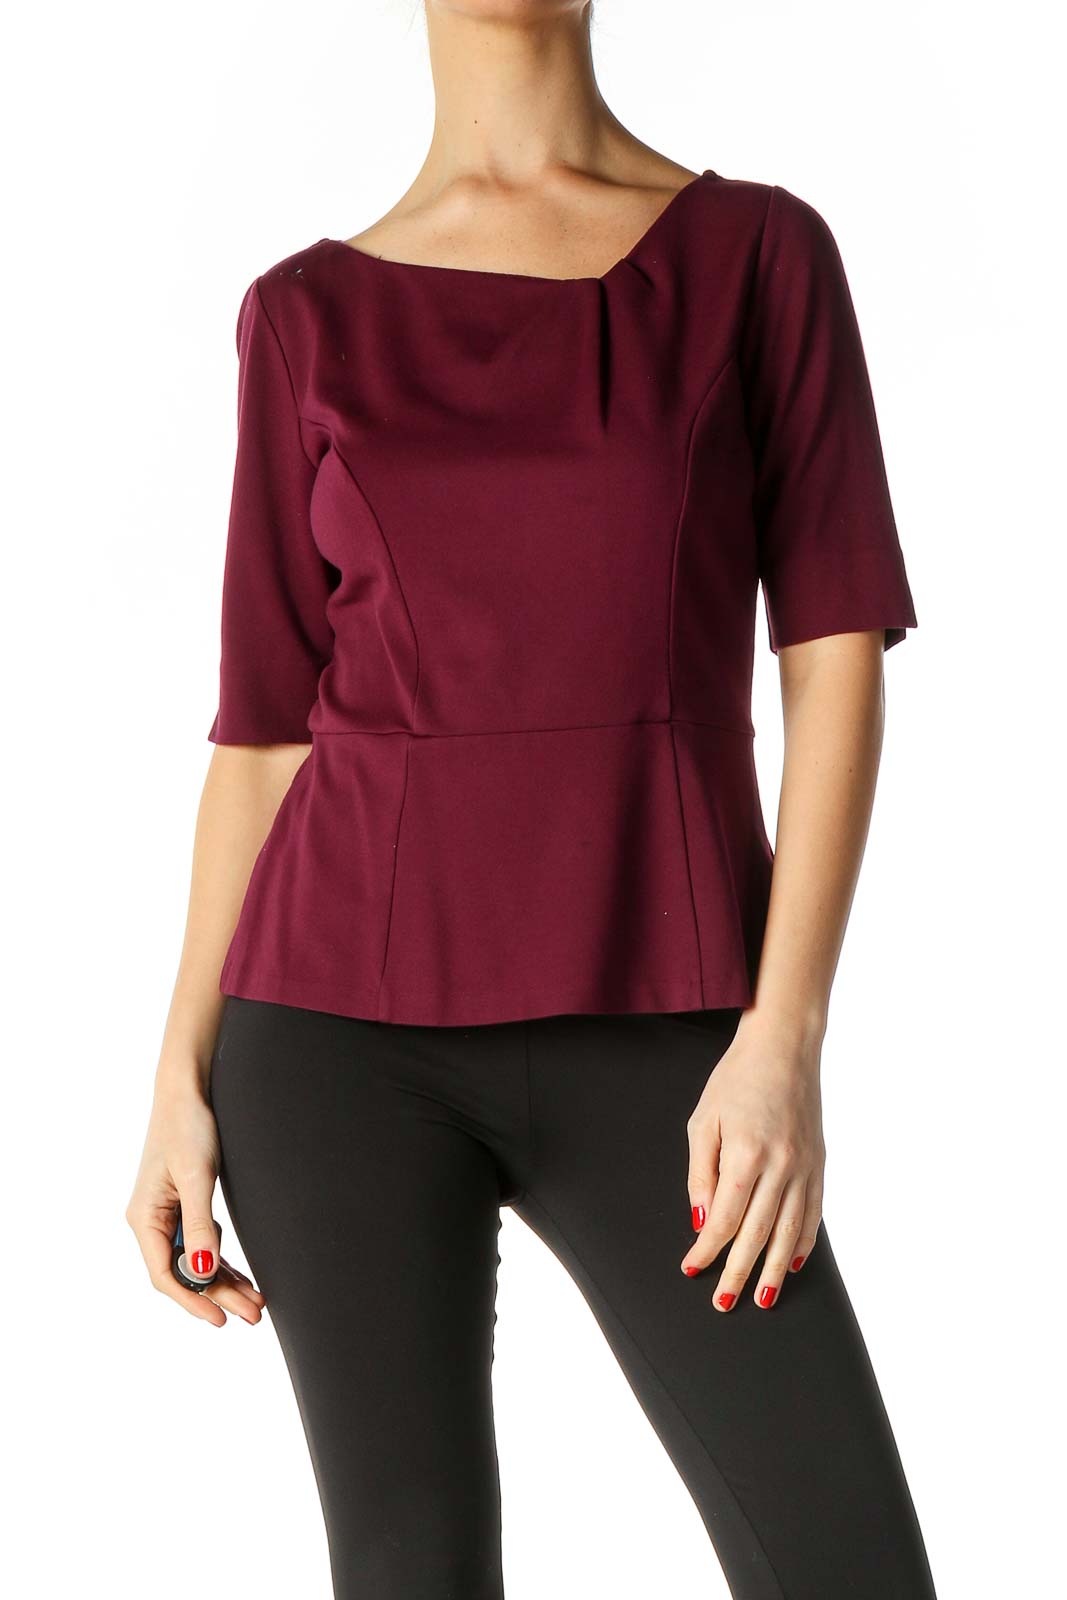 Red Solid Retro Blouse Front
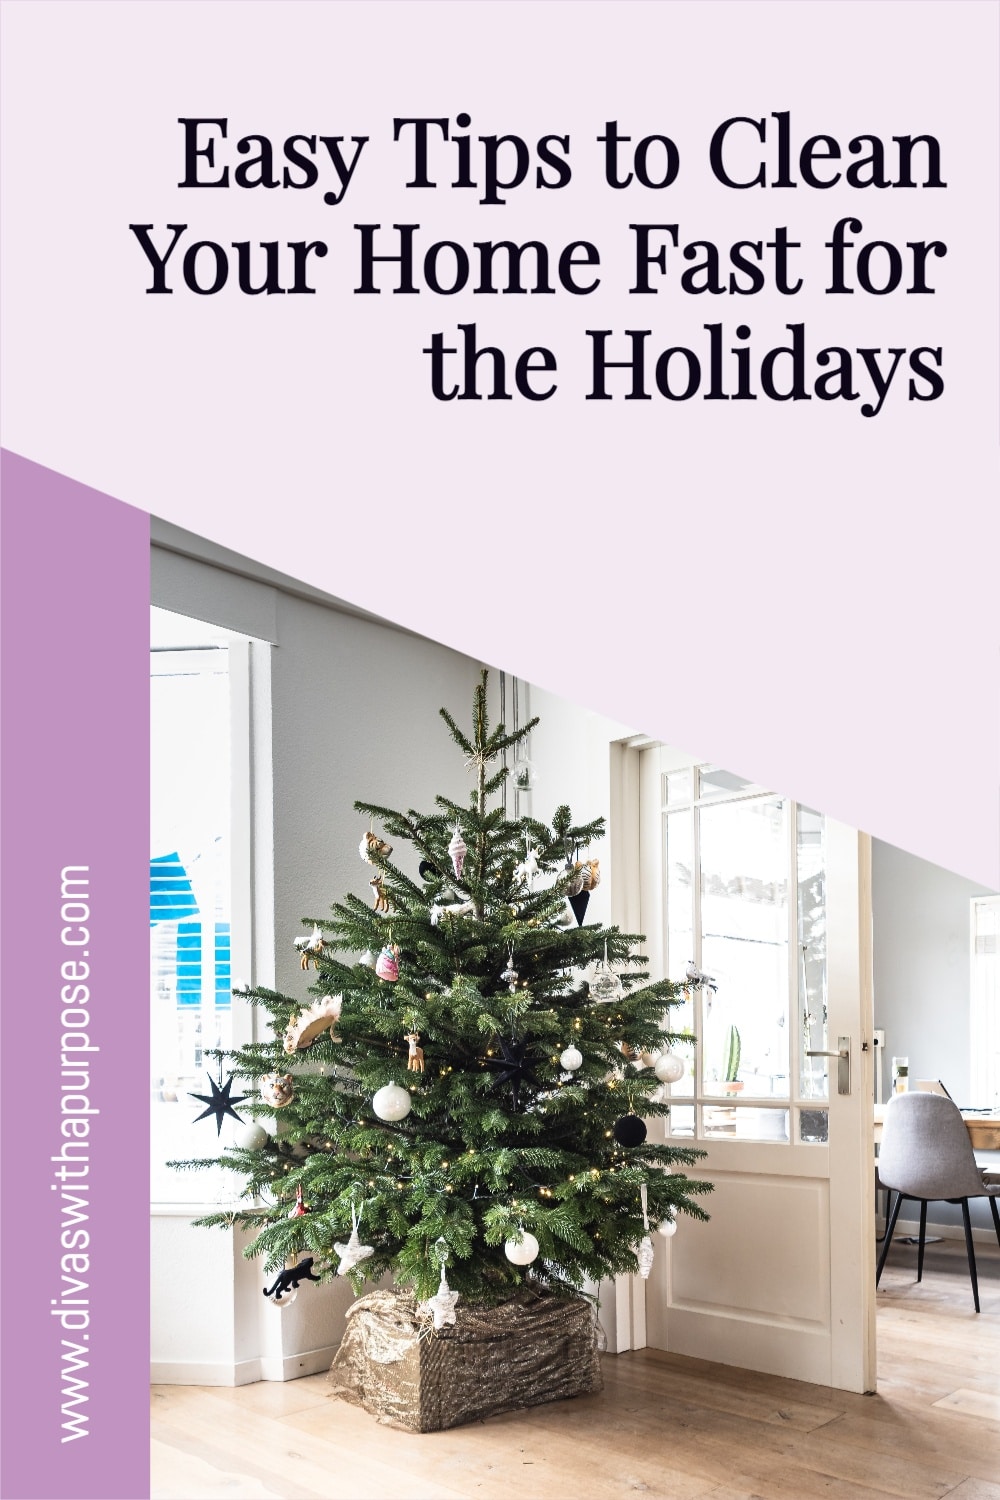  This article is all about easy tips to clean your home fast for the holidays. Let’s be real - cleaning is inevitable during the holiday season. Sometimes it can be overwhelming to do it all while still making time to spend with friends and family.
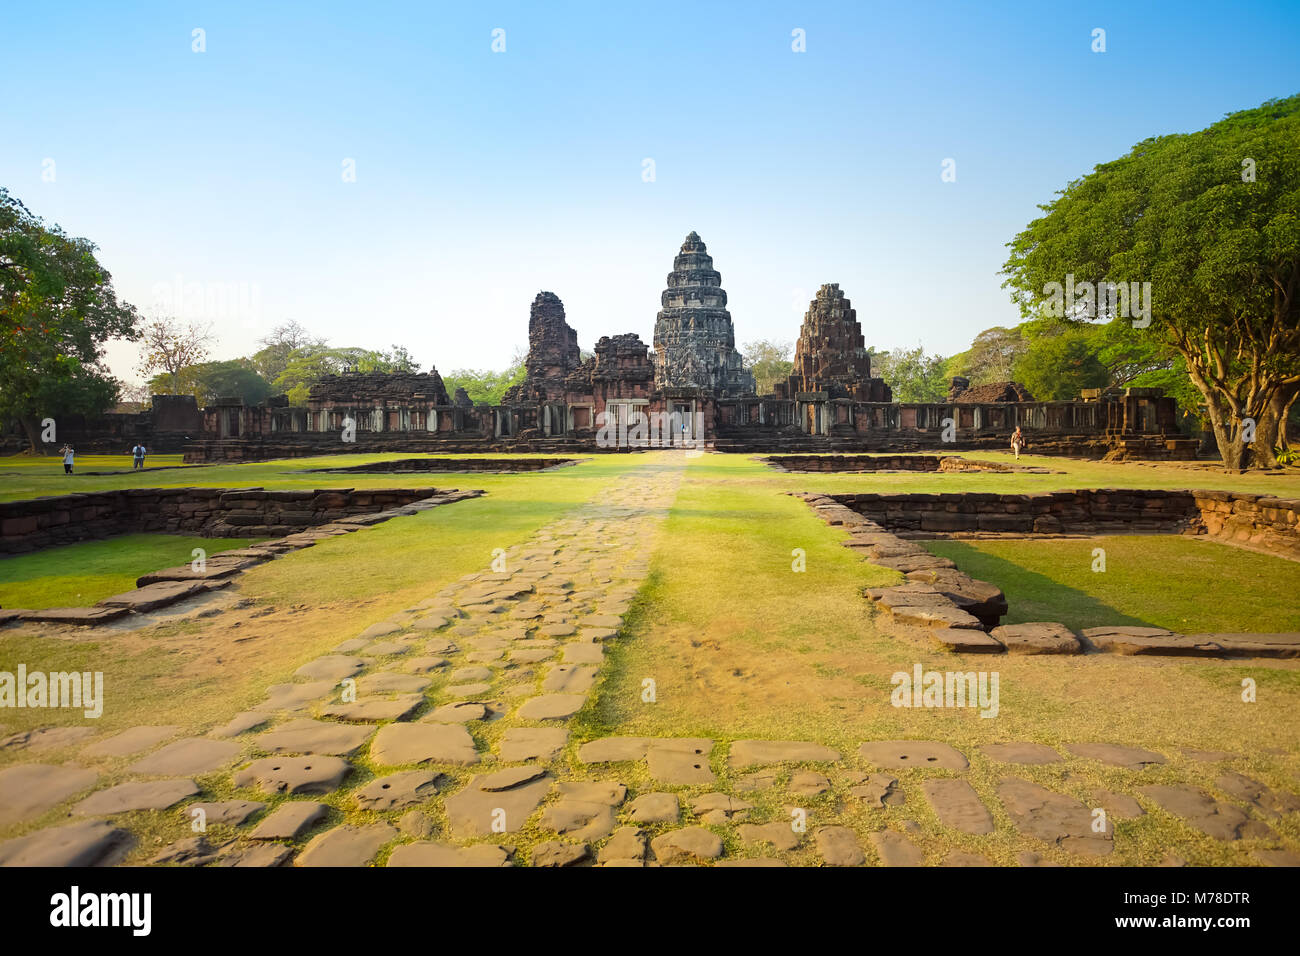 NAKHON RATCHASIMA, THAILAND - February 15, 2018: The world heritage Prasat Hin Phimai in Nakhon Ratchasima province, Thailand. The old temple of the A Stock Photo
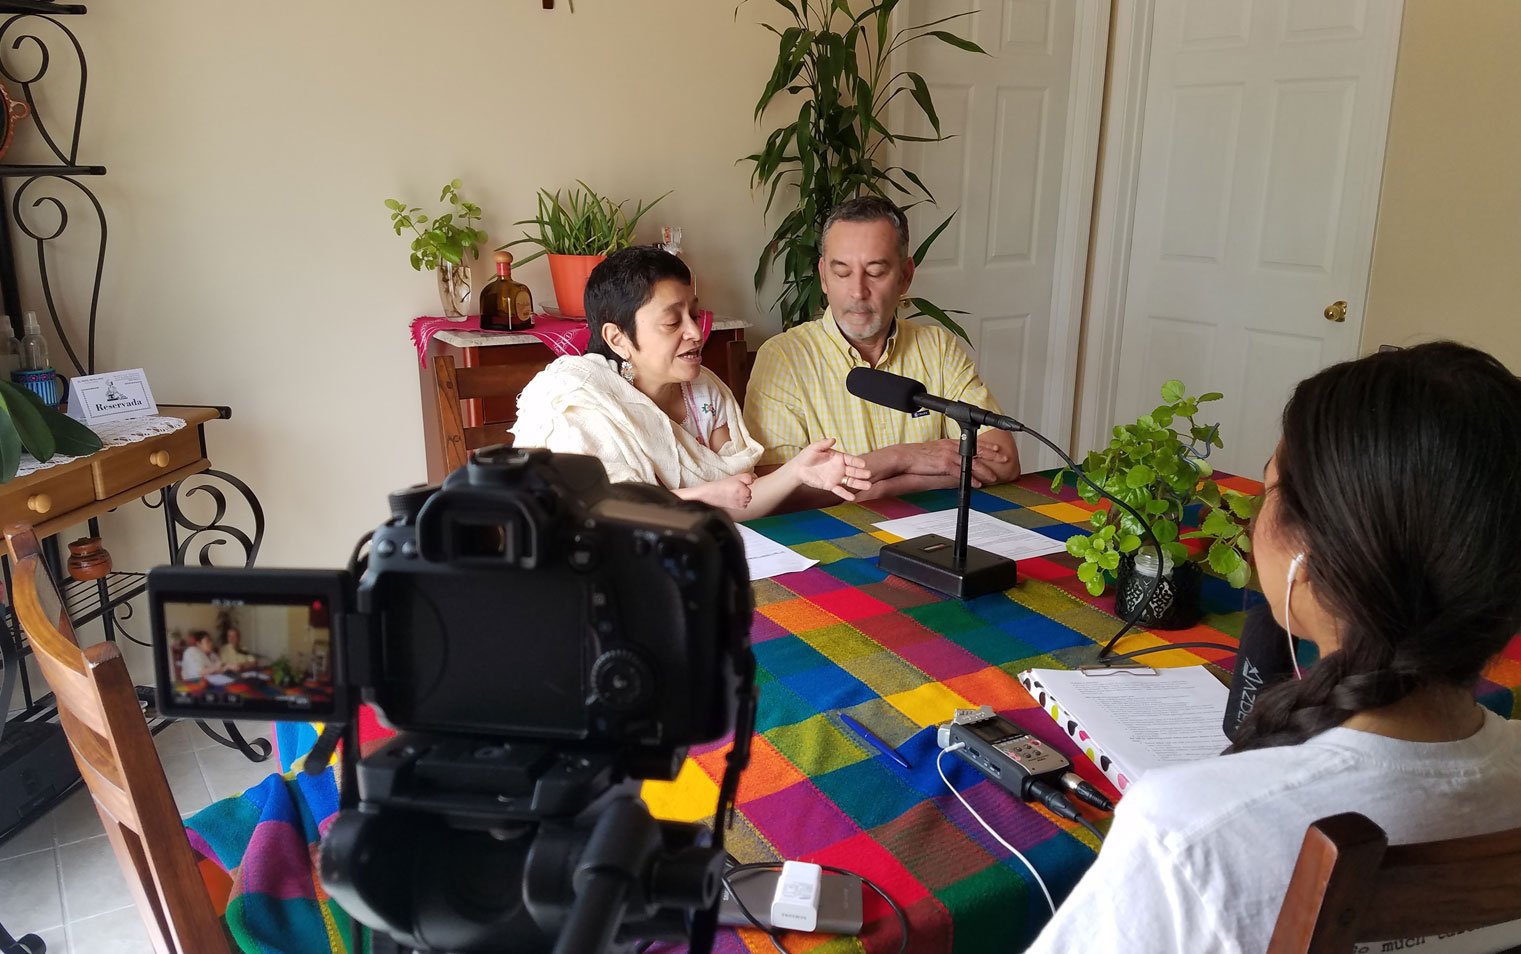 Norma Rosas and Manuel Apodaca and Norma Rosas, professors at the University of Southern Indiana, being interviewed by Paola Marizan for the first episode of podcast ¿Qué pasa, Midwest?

» **WORK REQUIRED**
Could all the data above be given again exactly, leaving out its images?

» **YOUR RESPONSE**
 Red Solid Retro Blouse Front
  This article is all about easy tips to clean your home fast for the holidays. Let’s be real - cleaning is inevitable during the holiday season. Sometimes it can be overwhelming to do it all while still making time to spend with friends and family.
 NAKHON RATCHASIMA, THAILAND - February 15, 2018: The world heritage Prasat Hin Phimai in Nakhon Ratchasima province, Thailand. The old temple of the A Stock Photo
 Norma Rosas and Manuel Apodaca and Norma Rosas, professors at the University of Southern Indiana, being interviewed by Paola Marizan for the first episode of podcast ¿Qué pasa, Midwest?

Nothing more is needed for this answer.